In Spain's case, increasing coverage of banks' doubtful assets to 50 percent of the total would require 60 billion euros of additional provisions, equivalent to around 6 percent of economic output, UBS said.
To date in 2010, the FROB has stumped up about 10.5 billion euros for the savings banks but the last-minute integration of some small cajas into the merger process could take the bill to up to 12 billion euros, one senior banker said.
The Bank of Spain said on December 13 that it did not expect any more funds to be issued from the FROB in 2011.
"Some banks are going to raise capital independently, others through the FROB and if they need it, it is available," Bank of Spain Governor Miguel Angel Fernandez Ordonez said then.
The central bank has told the country's banks to give detailed quarterly reports which include exposure to property developers and bad loan ratios, and to outline financing plans.
"We believe market perception is much worse than reality," a Bank of Spain official said at a recent press briefing.
'A VERY HARD SELL'
But the market has already registered its unease.
The subordinated credit default swap on Caja Madrid, which will be the biggest savings bank after the mergers, trades at around 795 basis points in an illiquid market, one analyst said.
That means it costs 795,000 euros to buy protection against default on 10 million euros worth of Caja Madrid debt - a quarter more than the Irish sovereign five-year CDS.
That reflects investor perceptions towards a sector blighted by declining profit margins, poor quality assets and potentially confusing management structure following multi-stranded mergers.
"All of this will make it a very hard sell," said Dean Tenerelli, fund manager at T Rowe Price International. "The listed, well-managed banks are already trading very cheaply, so what valuation can that put on the cajas?"
Rising levels of unpaid loans and a deposit price war are eating into Spanish banks' income.
Spanish bank shares have fallen by around 30 percent since the beginning of the year. They have underperformed the European sector by around 23 percent during this period.

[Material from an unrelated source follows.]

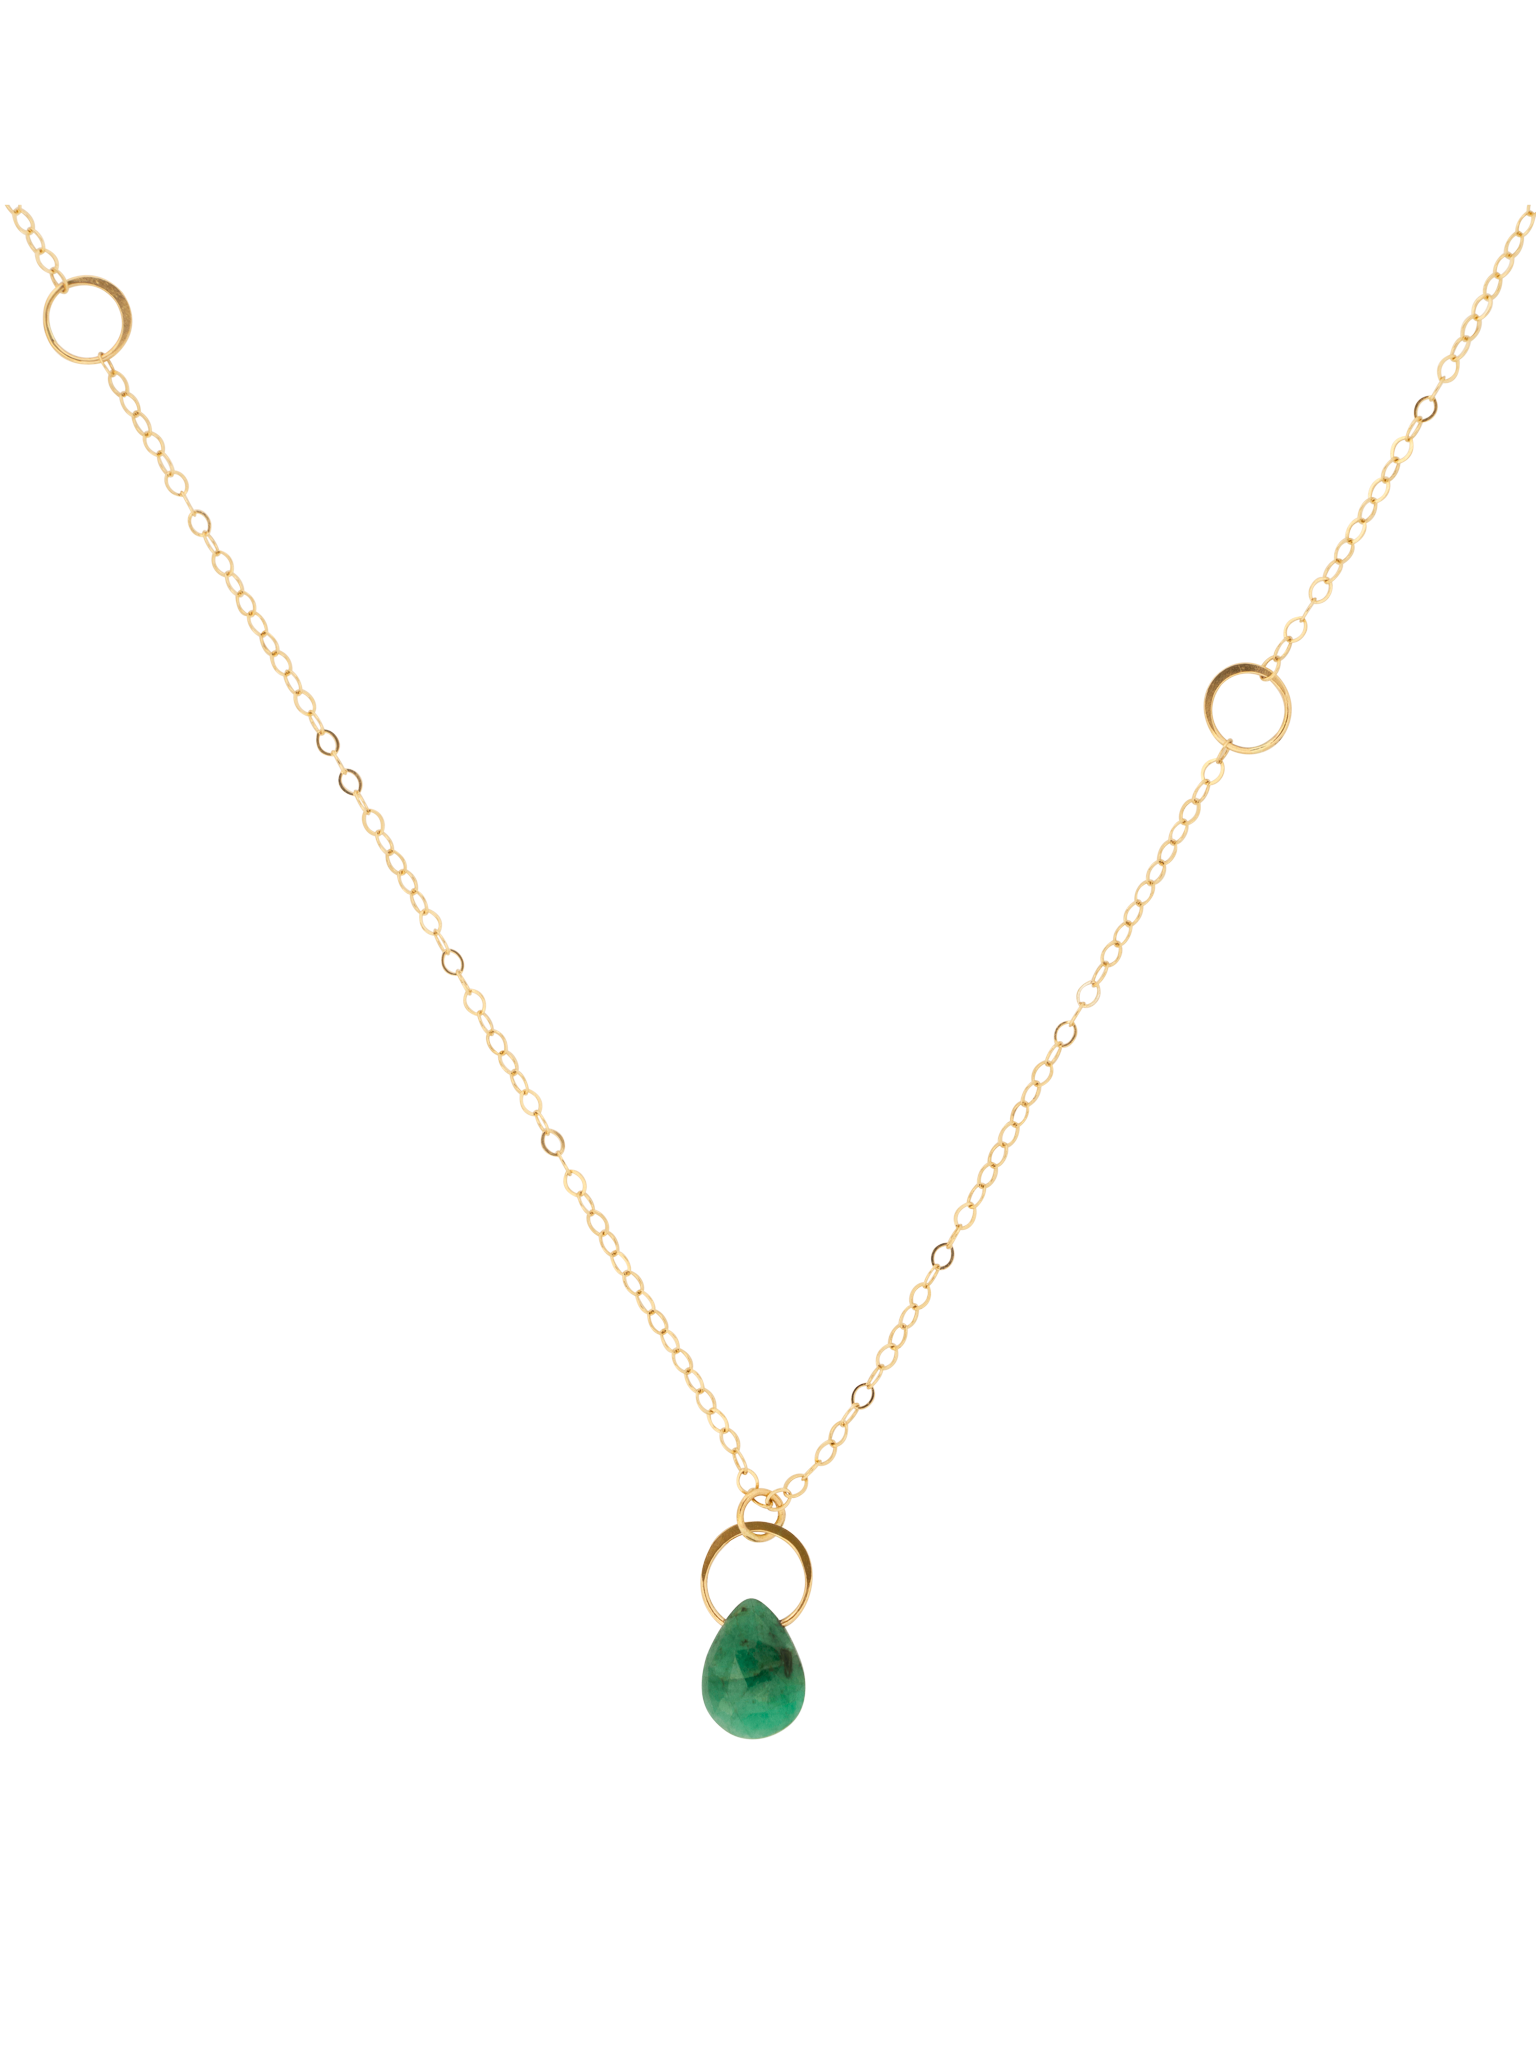 Emerald single drop necklace photo 1

The cajas booked a 28 percent slump in net profit in the first 9 months of 2010, according to the Spanish Confederation of Savings Banks. Their profitability relative to their total assets is less than half that of listed banks in the year to September, Bank of Spain data shows.
POOR ASSET QUALITY
Some market watchers believe high-risk private equity funds may show interest in buying equity stakes, provided they are offered a big enough discount.
A stake in a merging bank that ends up being one of the dominant players could give an attractive return on equity, said one banker involved with cajas' road shows that have travelled to London, New York and Boston to drum up interest.

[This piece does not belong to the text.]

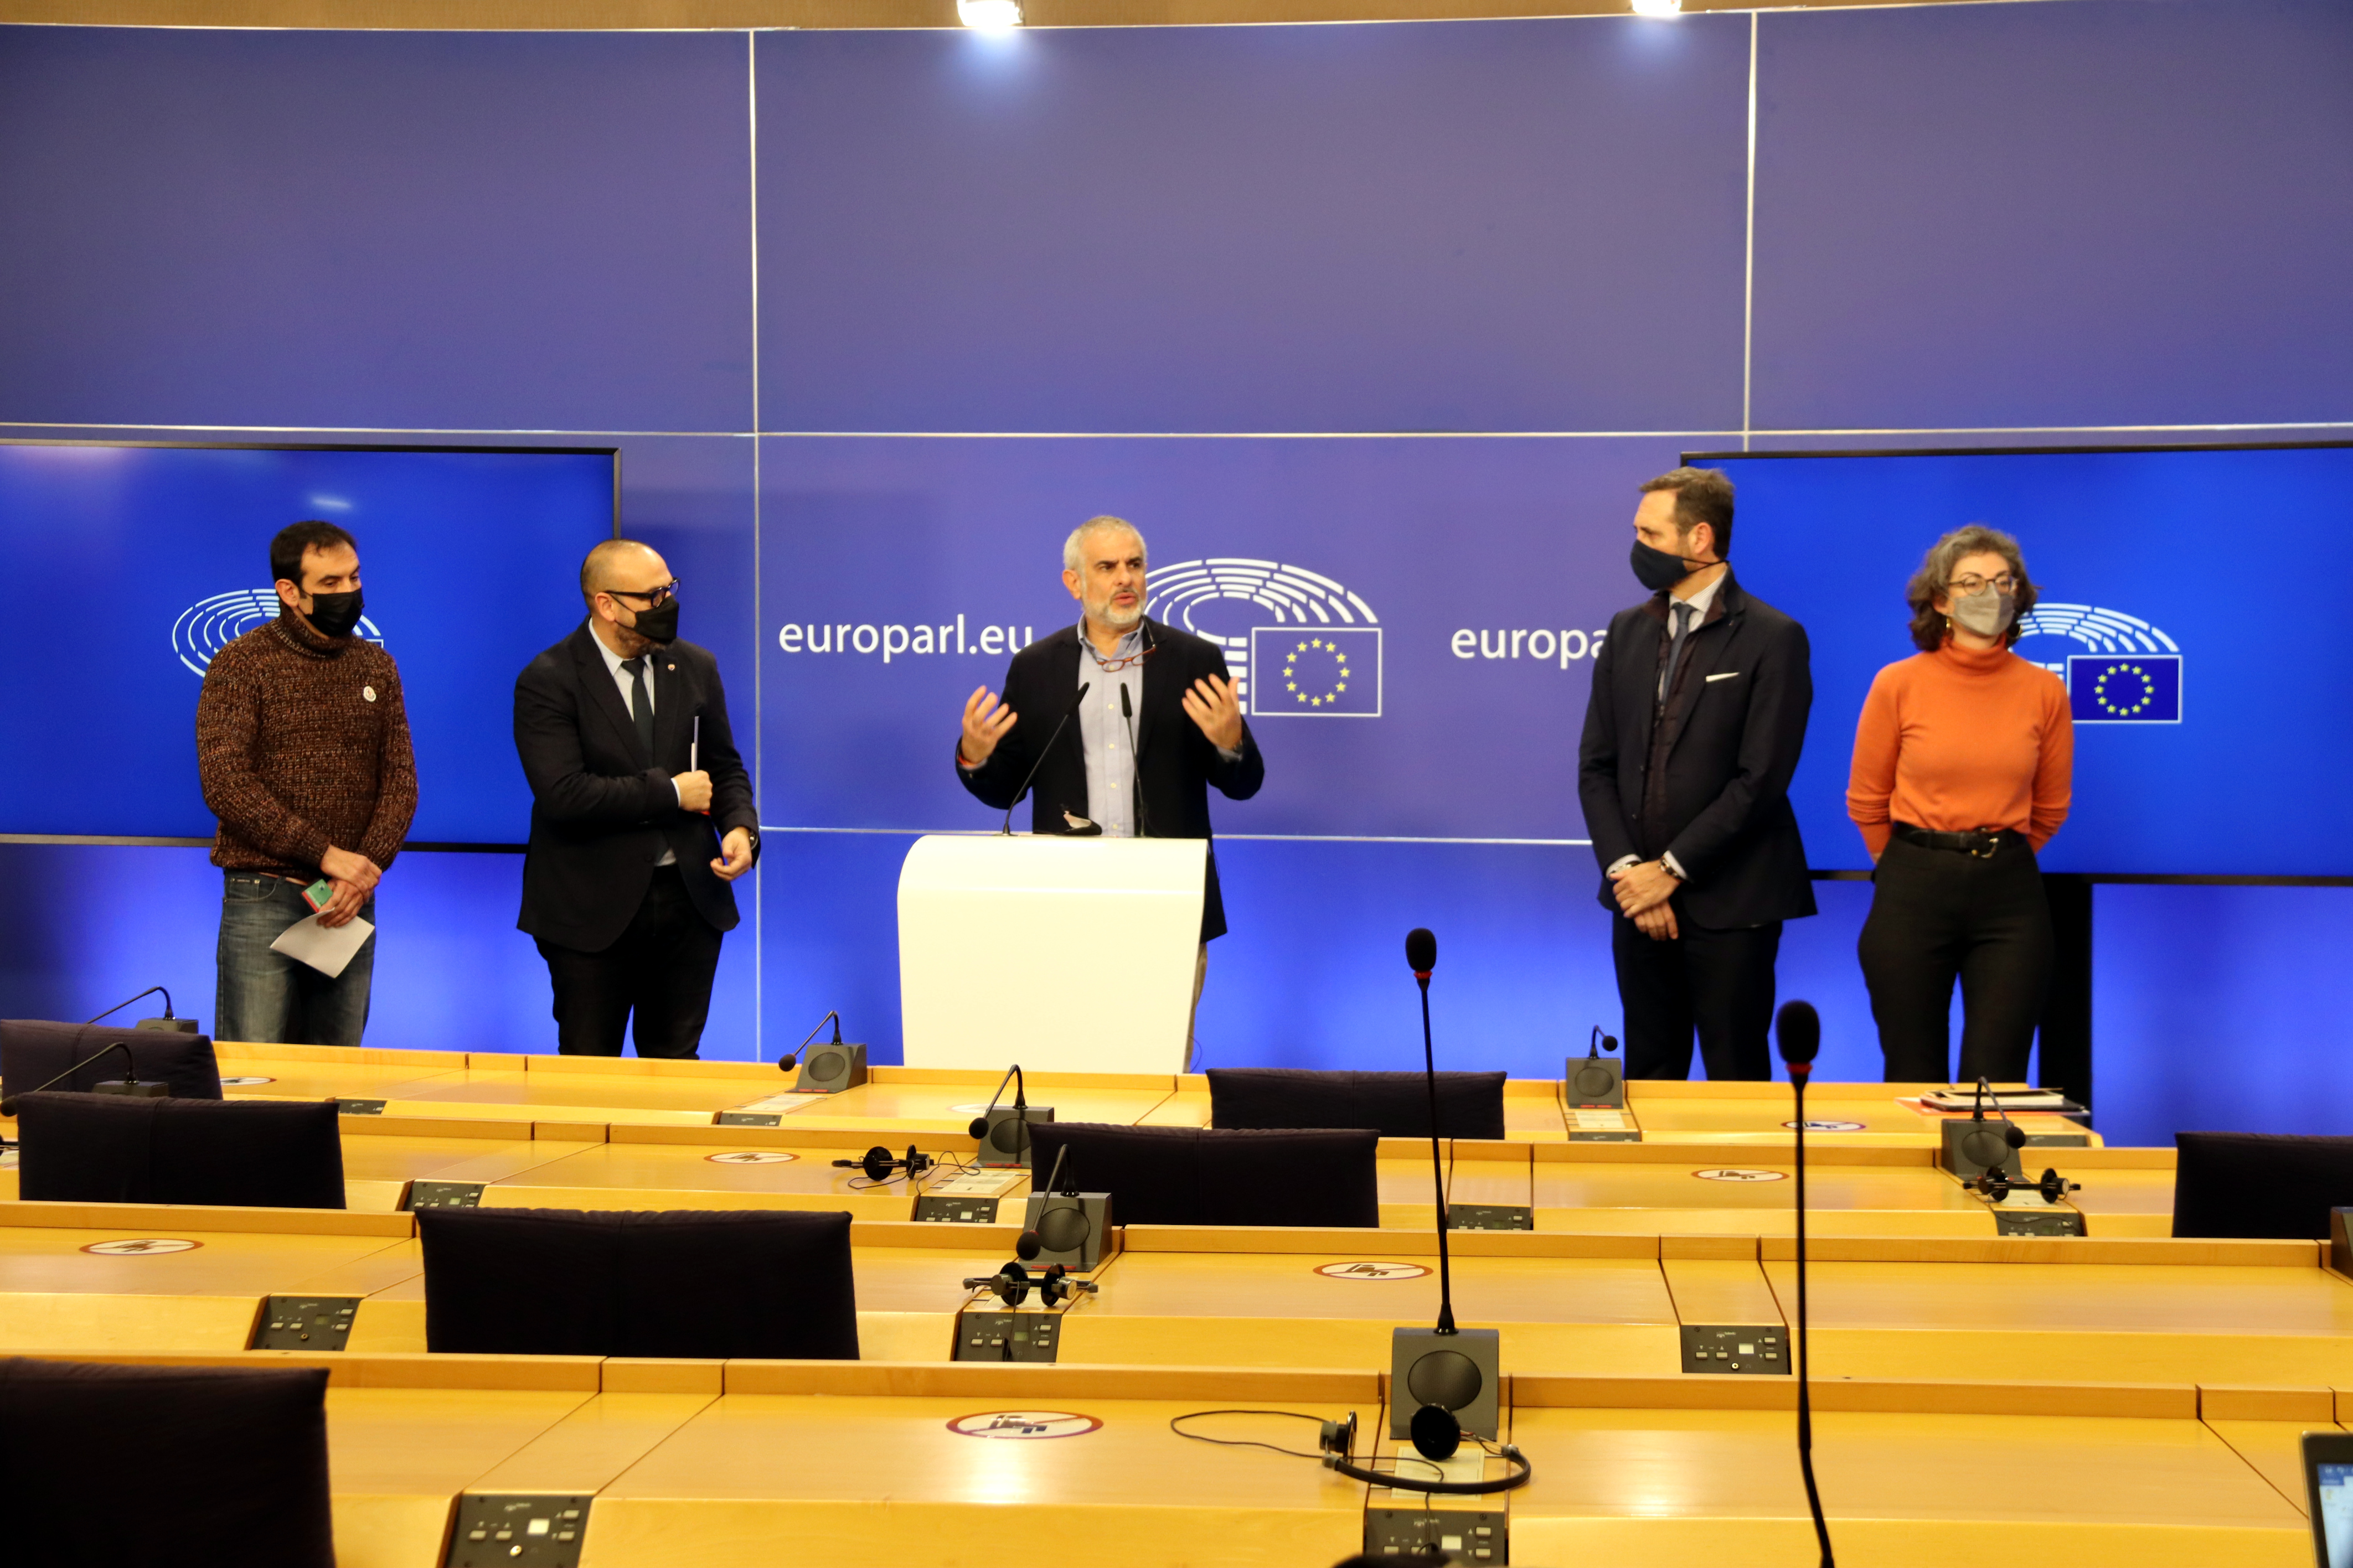 Ciudadanos press conference in the European Parliament, Brussels, January 25, 2022 (by Natàlia Segura)

The problem is the underlying poor credit quality of assets on the cajas' books, he said. Economists expect unpaid loans as a proportion of total loans to continue creeping up next year.
A bank analyst at a leading U.S. fund management firm said investors might by assets in a top-ranking caja at just a small 'haircut', but for a savings bank that needed cleaning up "the typical discount on any capital raised would be roughly 40% and perhaps a bit more."